Upon hearing this, Amit Luthra offered Shubham unconditional support to play and practise at the swish Delhi Golf Club. This meant a ground shift for the milkman and his family. They had to move to Delhi. The father had to make a big decision.

Jaglan packed up the only life he knew, sold his buffaloes for a couple of lakhs, and left his village to back his son’s future.

The family has been living near Ashram in Delhi since 2012, supported by the Golf Foundation, which looks after their needs so that Shubham is able to focus on his game.

The golf club that Shubham uses now costs around Rs 2 lakh – just about the cost of all of Jaglan’s buffaloes! A golf ball lasts only a day and costs Rs 300. Unless you are member, using the Delhi Golf Club turf means a whopping Rs 3000–5000 per game.

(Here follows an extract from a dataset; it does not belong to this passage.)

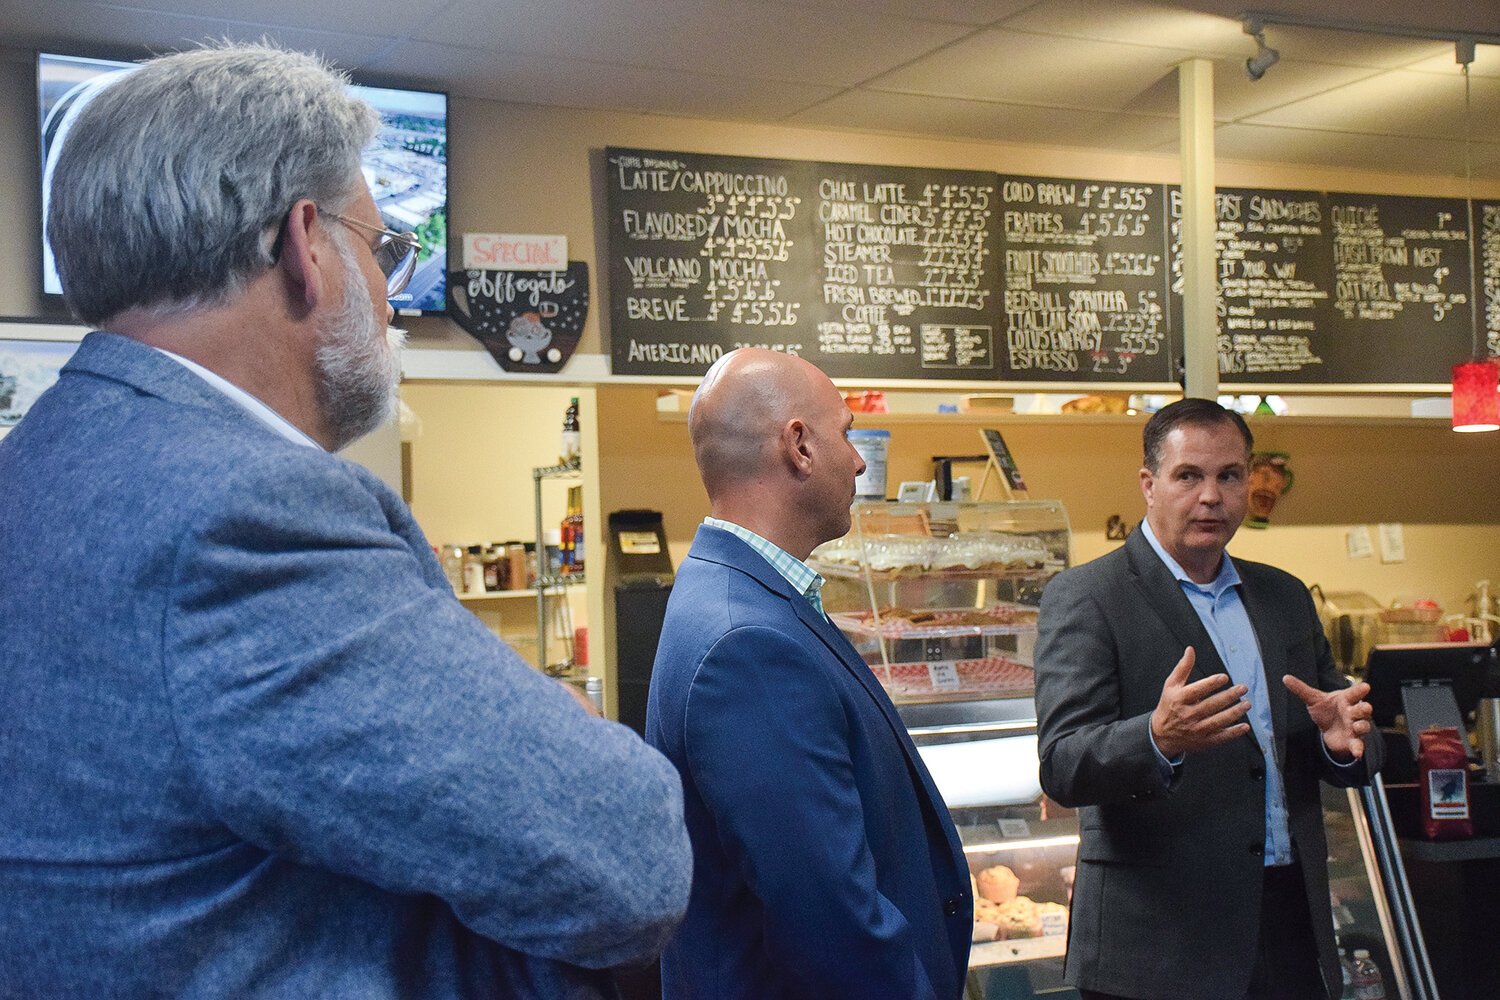 From left, Washington State Reps. Ed Orcutt and Peter Abbarno and state Sen. John Braun talk policy and politics during a meet-and-greet event Monday, Oct. 9 at Luckman Coffee in Woodland.
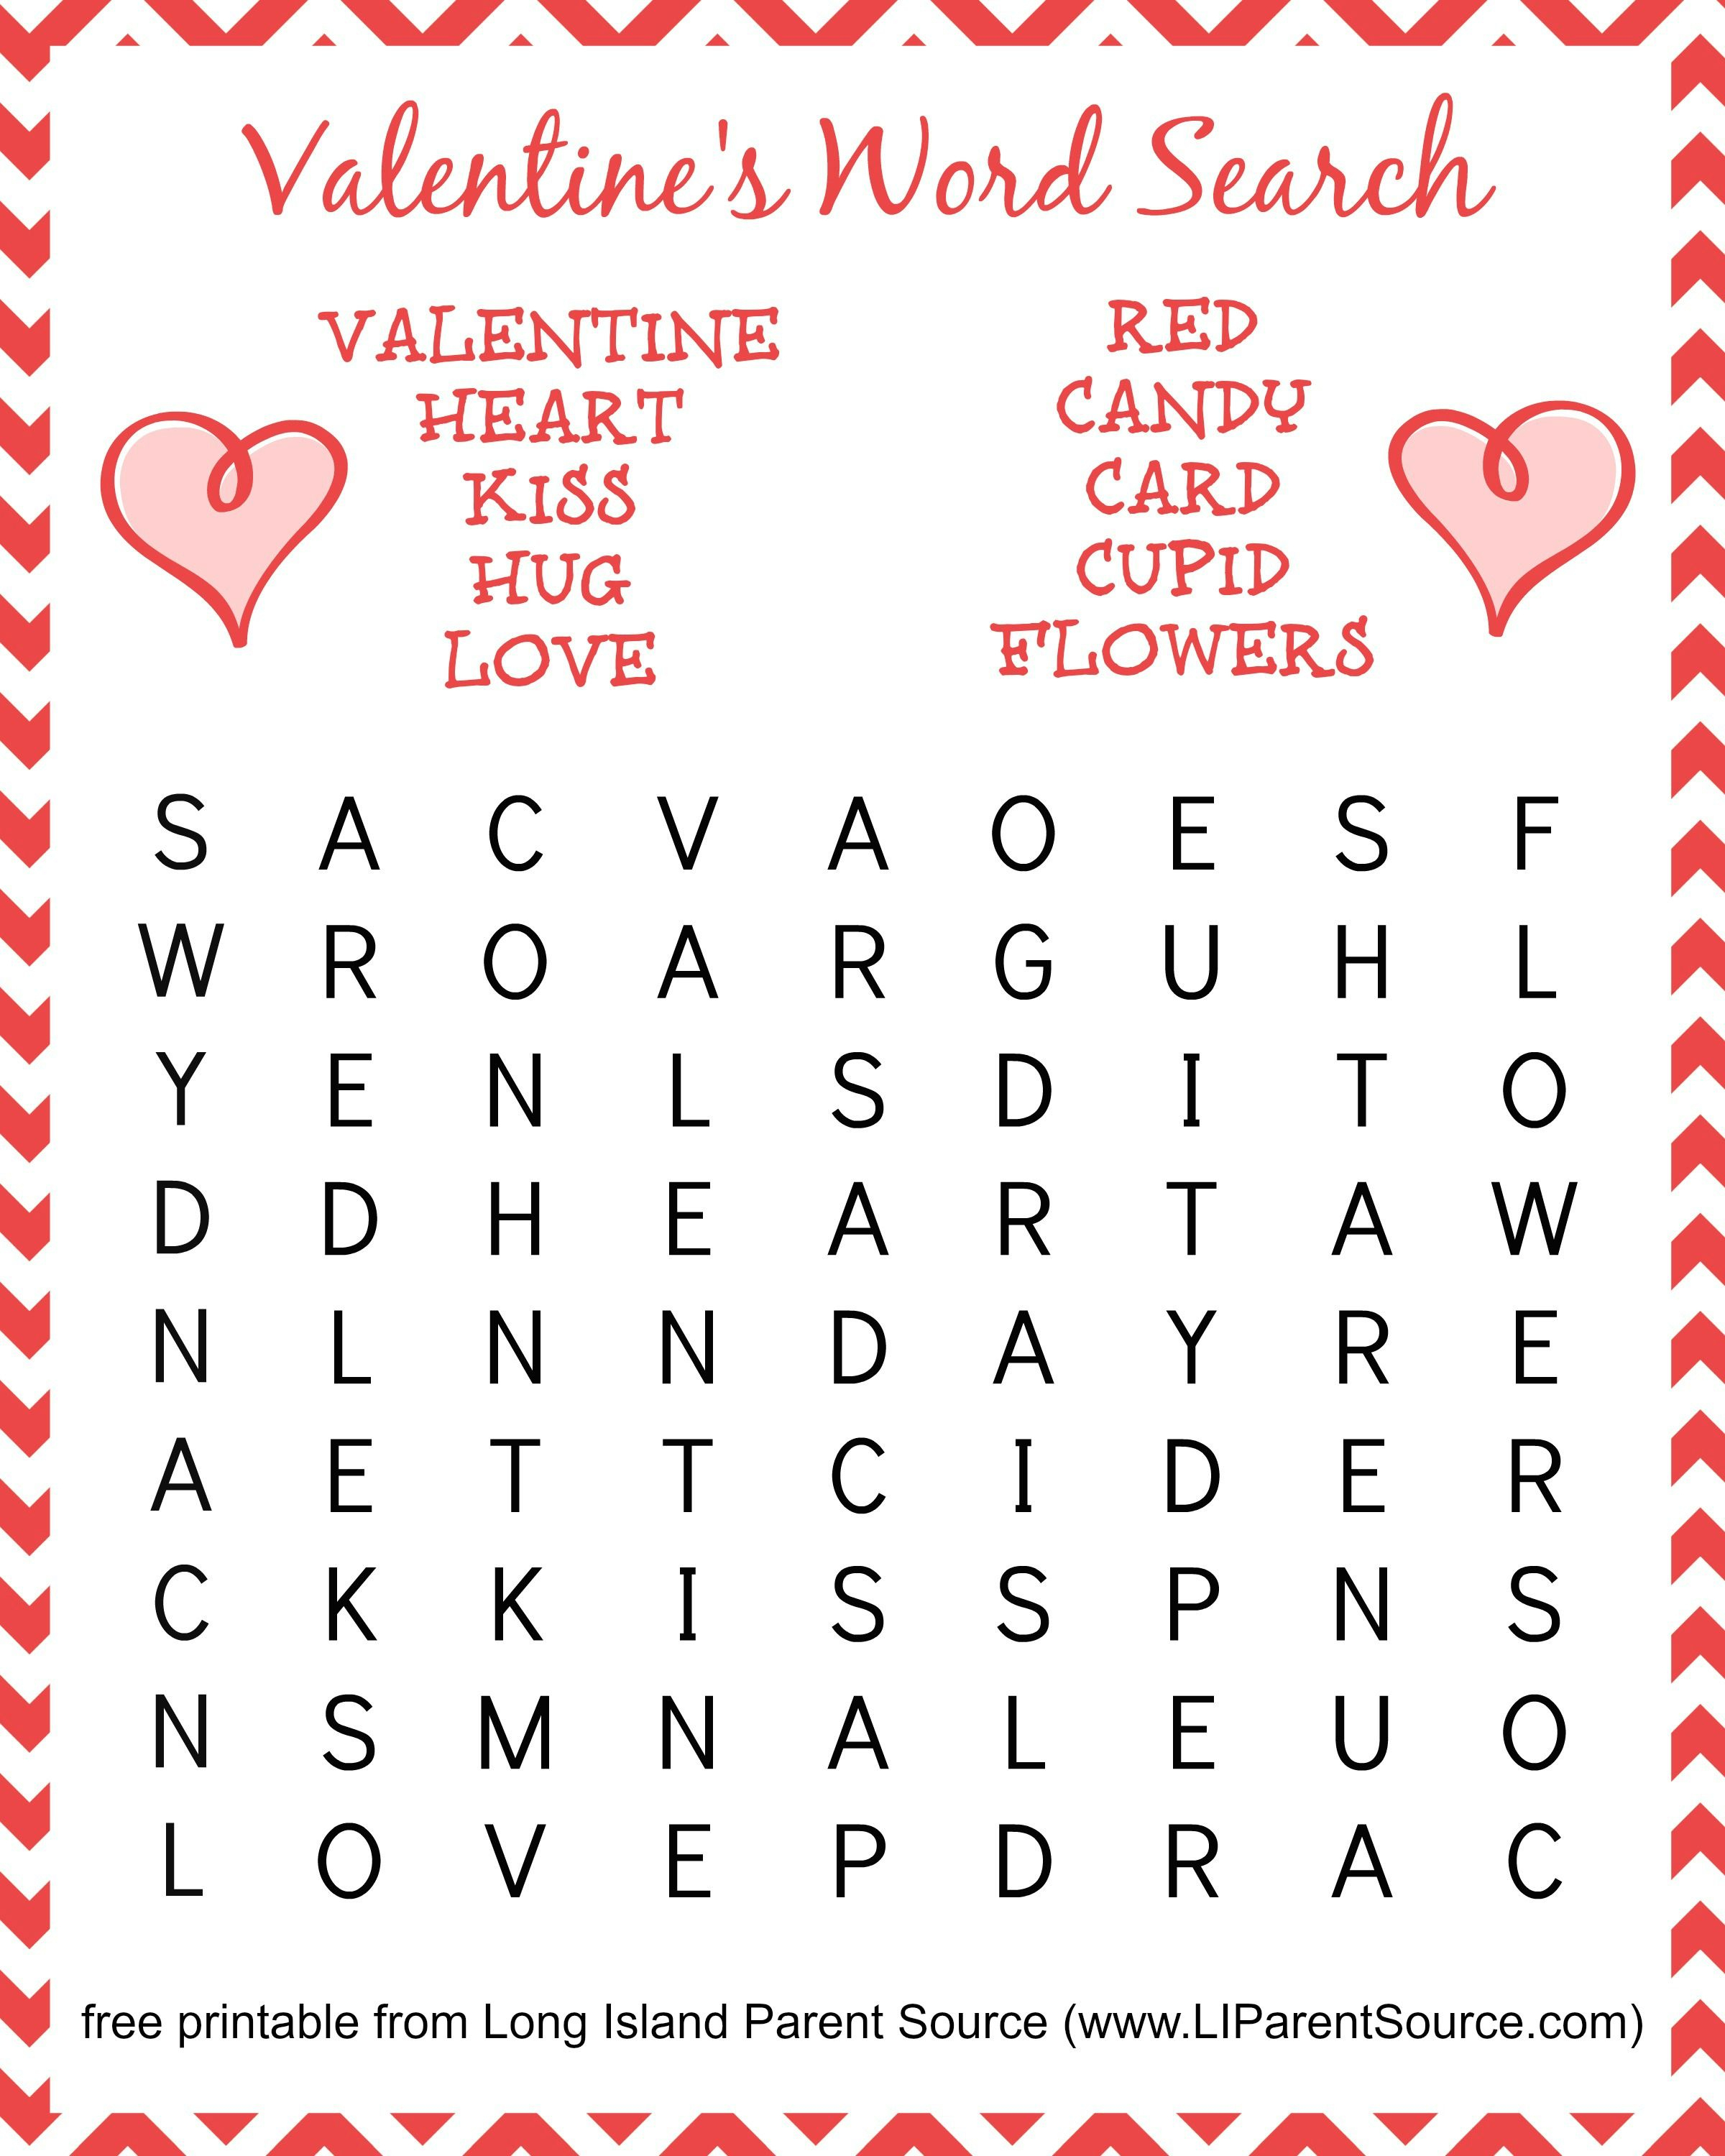 Perfect For Kids - They Will Love Looking For Their Favorite Words - Free Printable Valentine Games For Adults

The world junior golf champion still has time for doing simple things that children his age do, like making bubbles

Hiring a caddy is priced between Rs 500-2000 per day. Add to that fuel, a nutritious diet and countless other expenses. All together, about Rs 6000-10,000 per day are needed to help build a young golfer.

But of course, the talent and hard work comes from young Shubham. As Luthra modestly says, “I saw his potential and just brushed away the dust from the diamond.”

Jagpal, now 40, is thankful for the universe coming together to conspire in his son’s success: besides the Delhi Golf Foundation, Shubham received support from the Delhi Golf Club as well as Ping (golf equipment manufacturer).

Equally important is the fact that Laxman Public School in Delhi offered him free quality education. Dr Usha Ram, Principal, Laxman Public School, Delhi, says about the seventh-grader, “Shubham is a humble and intelligent boy – he obtained 87 per cent in the sixth grade!”

The school provides books, uniforms, special English counselling, personality development lessons and evening classes for his playing schedule.

No wonder Shubham has transformed into a self-assured campaigner, which was reflected in his impeccable accent when he addressed the press conference at the Delhi Golf Club after he returned from the US tournaments.

“Life has changed dramatically due to Shubham and the golf,” says Anjana. “We never imagined that such a life can also be lived.”

With 130 titles under his belt on the Indian and international circuits, Shubham has been India’s number 1 in the D-category (under 11).

Shubham at his village home in Haryana 


He says, “This win means a lot to me, my father, my coach and the Golf Foundation. All the credit goes to my family, Delhi Golf Club, the Golf Foundation, my coach Nonita Lall Qureshi and Amit Luthra Sir, who gave me all the support I needed. I have to work harder now.”

The junior golfer, who likes to read, chase basketballs and watch his idols Seve Ballesteros, Gary Player and Tiger Woods on YouTube, has great admiration for Dr APJ Abdul Kalam as well.

“Dr Kalam’s quotation: ‘A dream is not that which you see while sleeping, it is something that does not let you sleep’, motivated me before the second game in Las Vegas (at the World Stars of Junior Golf Championship),” he says.

Playing as an amateur golfer, there is no prize money involved, but the stakes will be higher 8 years down, when he plays professional tournaments.

“We are taking baby steps to prepare him for PGA (Professional Golfers Association) Tournaments about 8 years from now,” says Nonita, who quit the Golf Foundation in 2014, but continues to coach and mentor Shubham without charging a fee.

It’s time for wrap-up. Tomorrow is another day, a day closer to the not-so-distant dream. Shubham will start it at 8 am for school. Right after school, he will go to the Delhi Golf Club course at 2:30 pm for practice.

The father, as always, will be at his side.